Answer 1 · 2023-07-10T14:57:27.000Z

Also, please let me know if you plan to release your experiments' numerical results. The results in the paper are only presented in the bar graph format. It would be really helpful for users who want to compare their results with the previous work.

Answer 2 · 2023-07-11T12:00:31.000Z

The reason why results were not reproduces is that I missed +dataset.variant=6 in the command.

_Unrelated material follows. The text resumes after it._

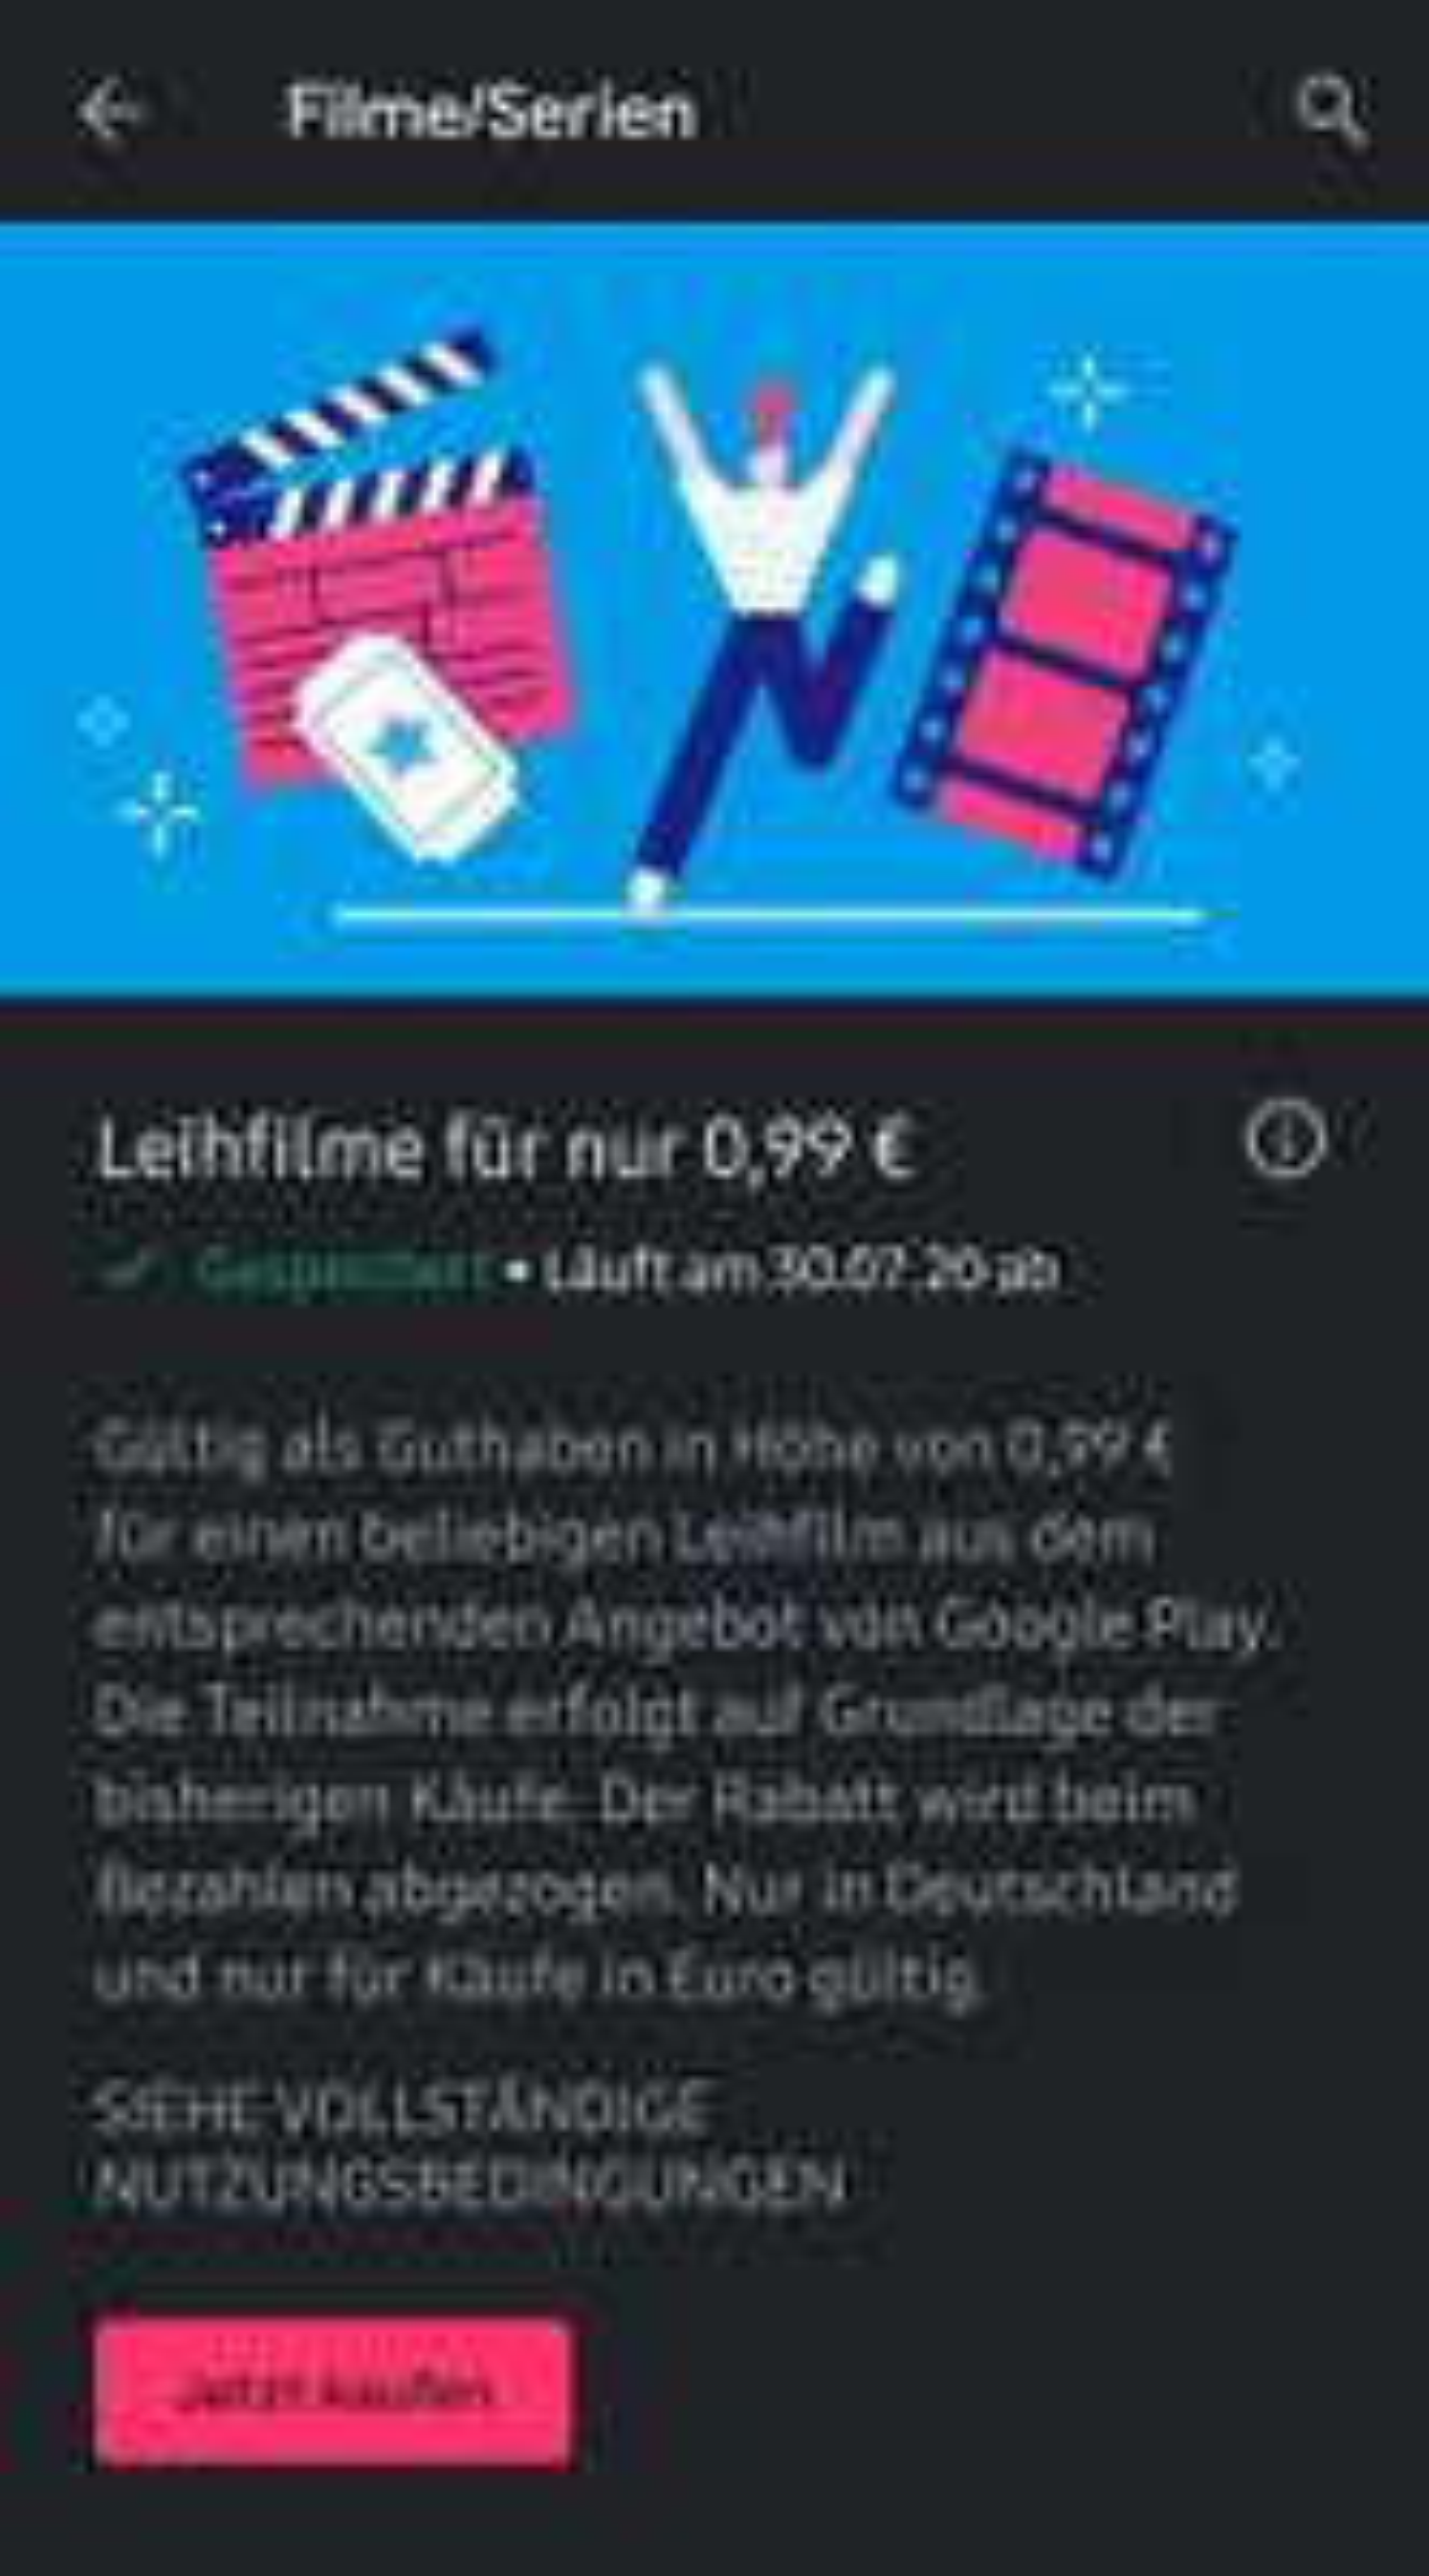 Google Play Filme Leihfilm für 0.99 €

Anyway, thank again for sharing the valuable codes!

Answer 3 · 2023-07-13T08:03:00.000Z

Hi, thanks for the kind words!

Exactly, you have been training on CLEVR10 using only 7 slots, which is the default for CLEVR6. You found the right fix – alternatively, you could keep CLEVR10 but change the number of slots to 11.